WHAT NEEDS TO BE DONE:
Copy the listing verbatim, excluding any images found in it.

SUPPLIED DATA:
__________

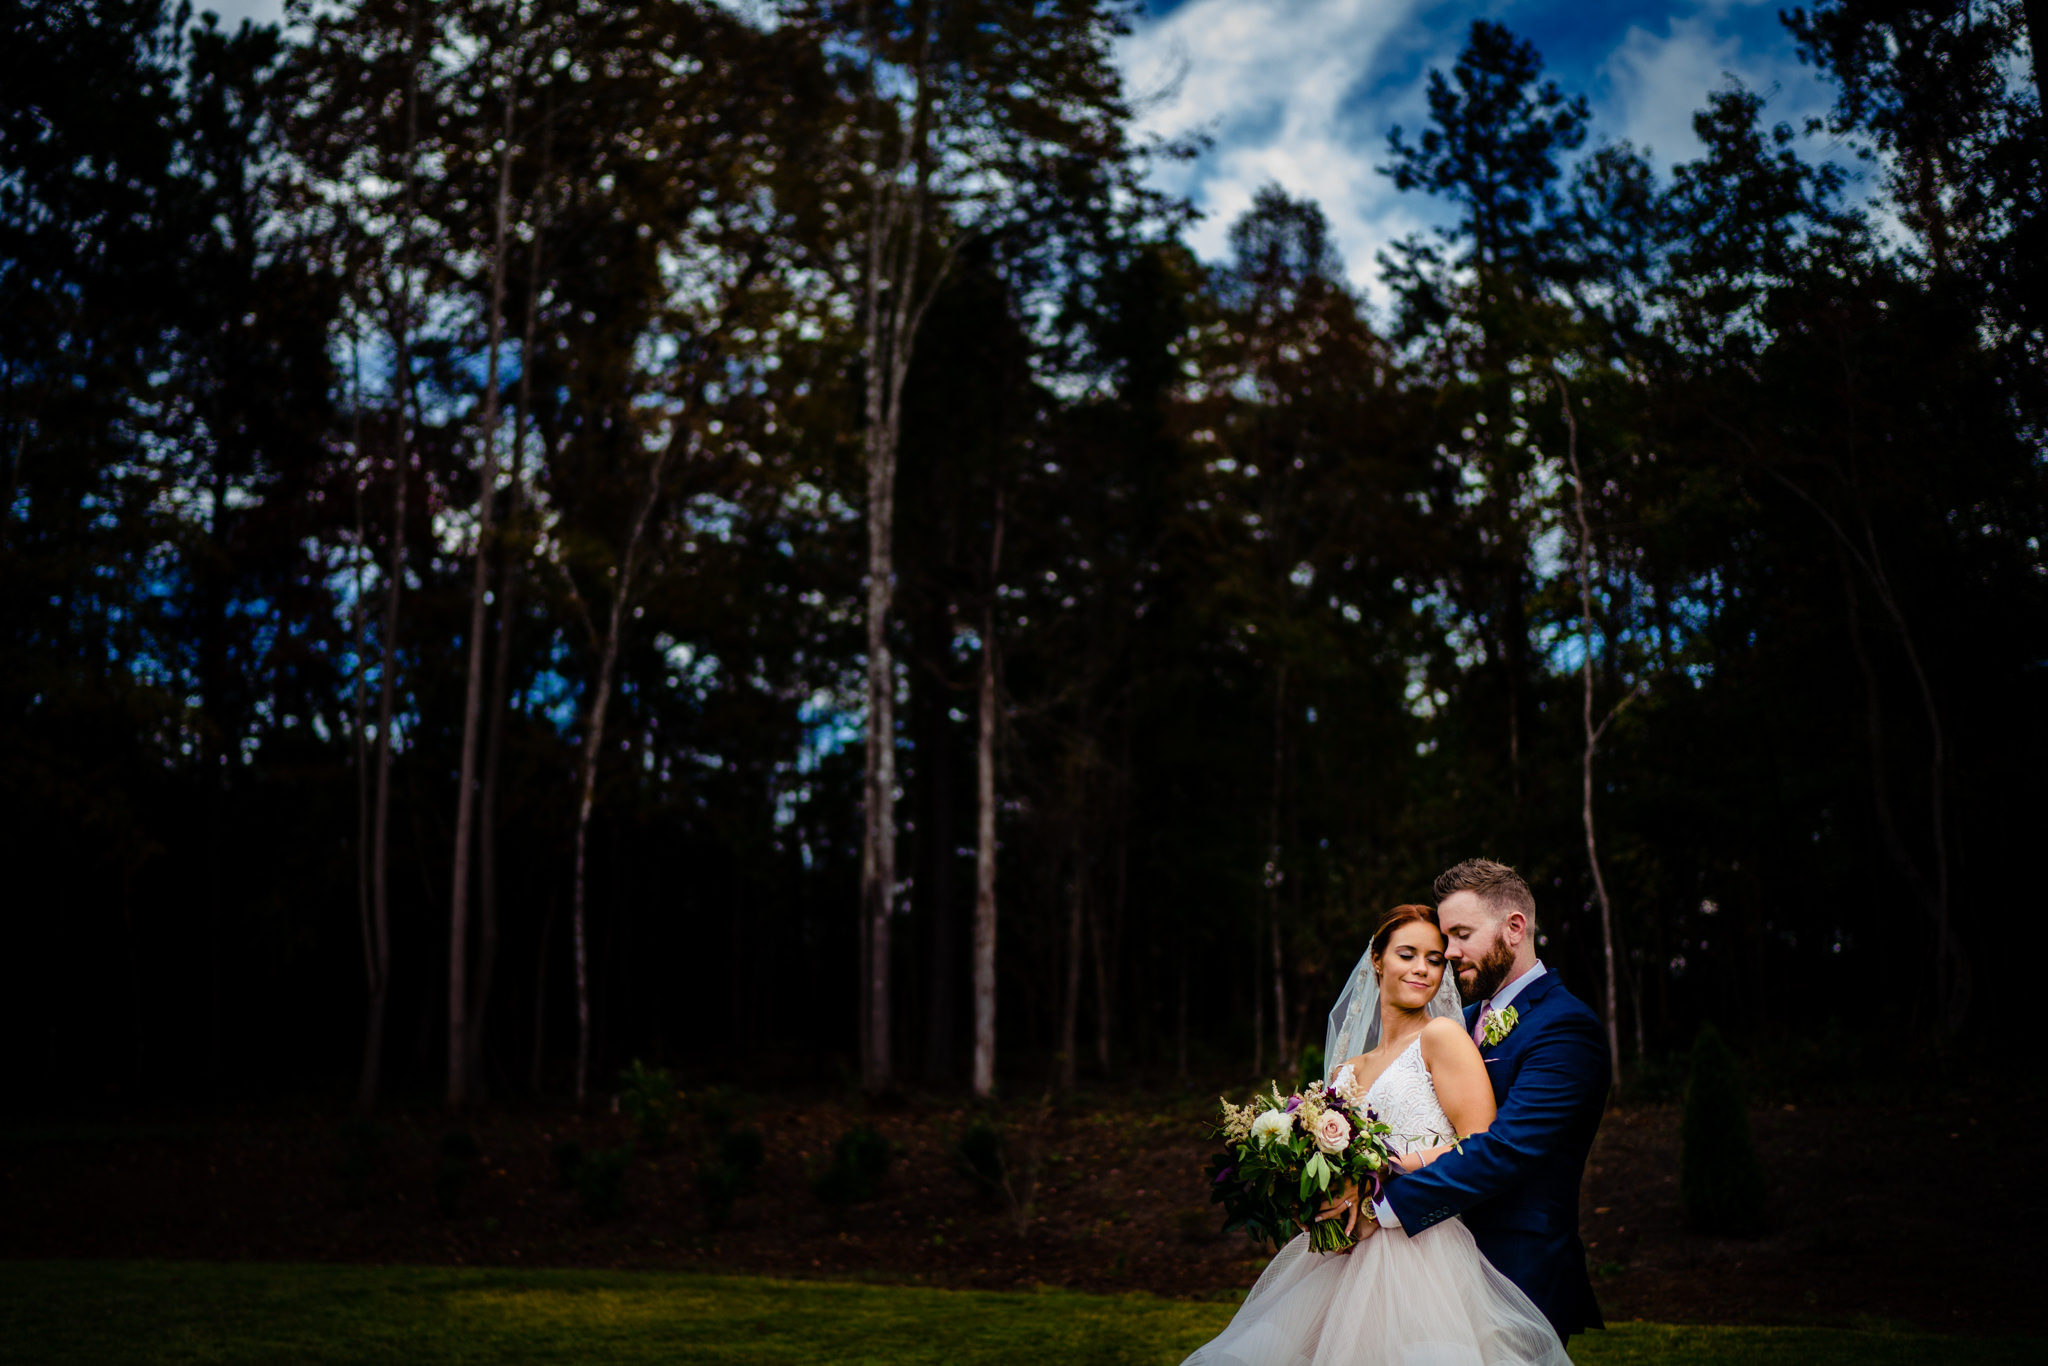 Emily&Ron-Chapel-hill-wedding-barn-55.jpg
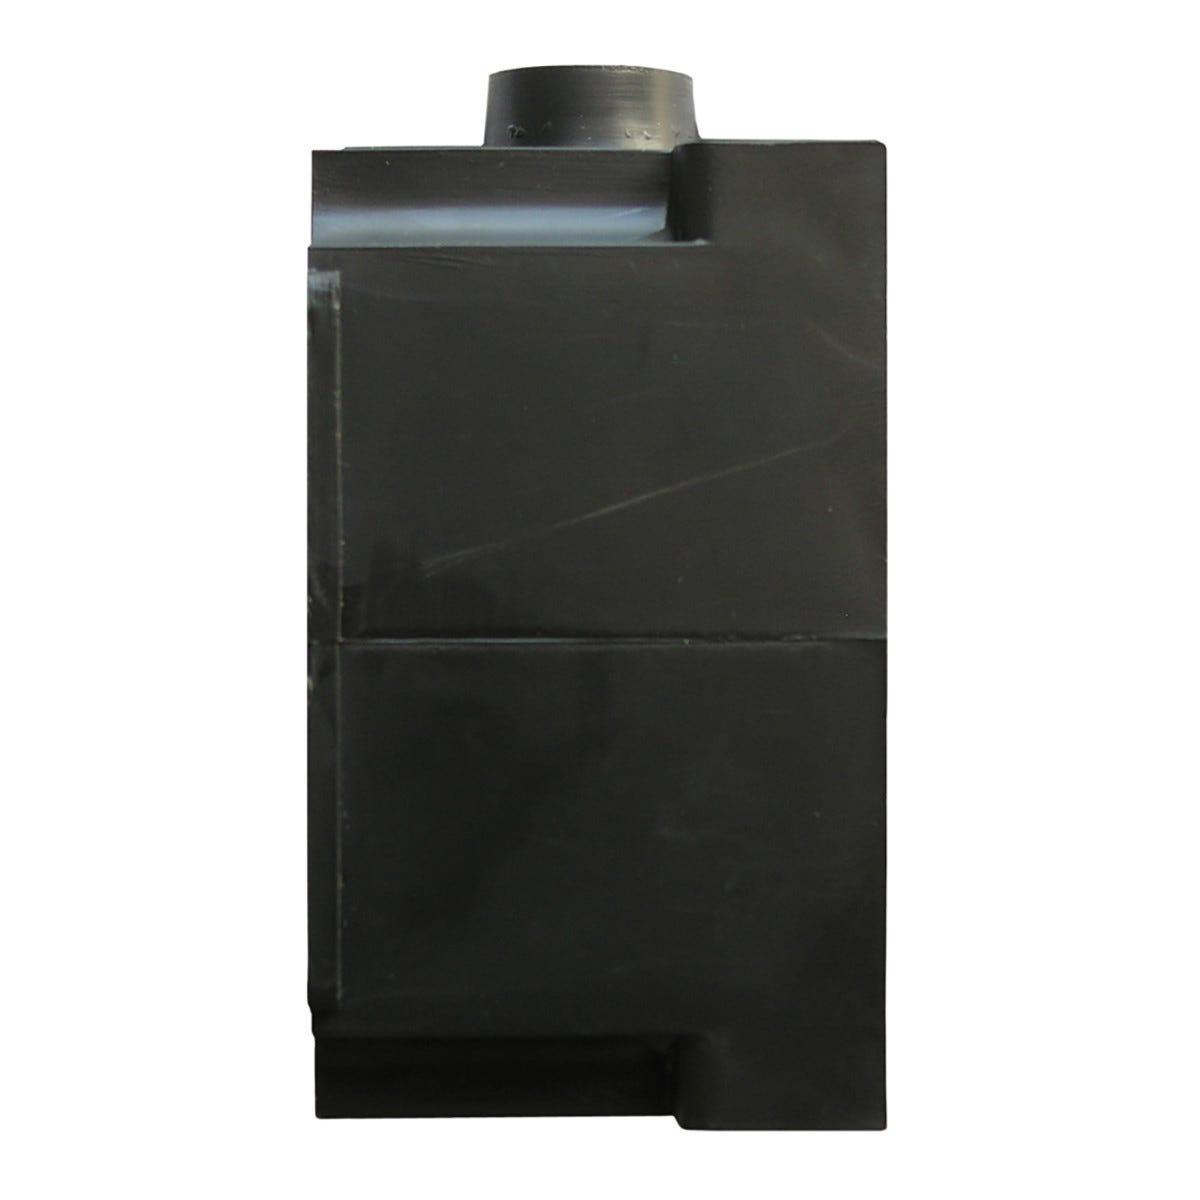 cassetta tipo c portata 40 kg interasse 72 mm pvc
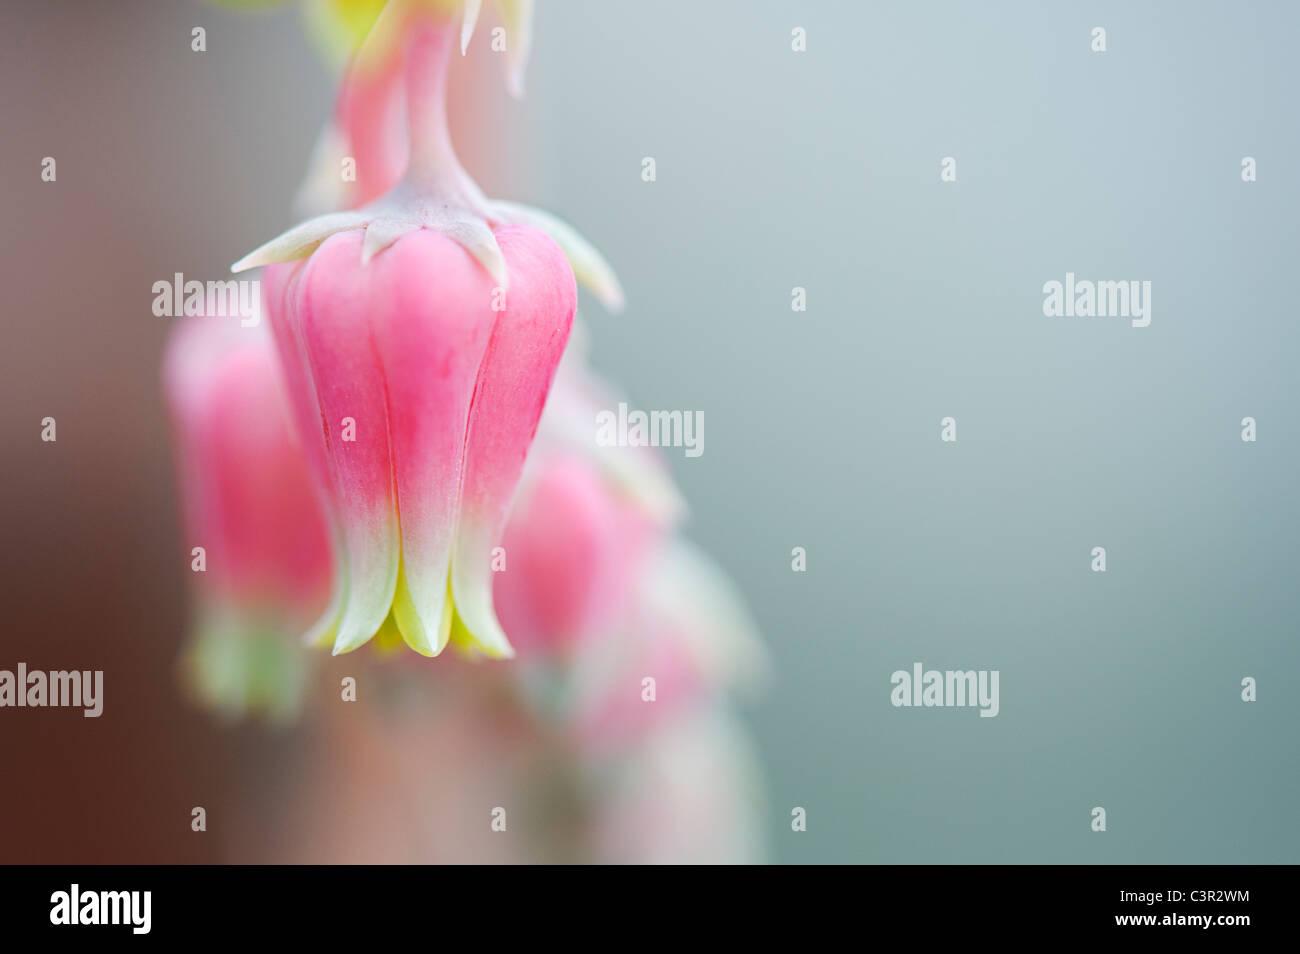 Echeveria sanchez mejoradae flowers - Stock Image

__________

SOLUTION TO THIS EXERCISE:
 Emily&Ron-Chapel-hill-wedding-barn-55.jpg
 cassetta tipo c portata 40 kg interasse 72 mm pvc
 Echeveria sanchez mejoradae flowers - Stock Image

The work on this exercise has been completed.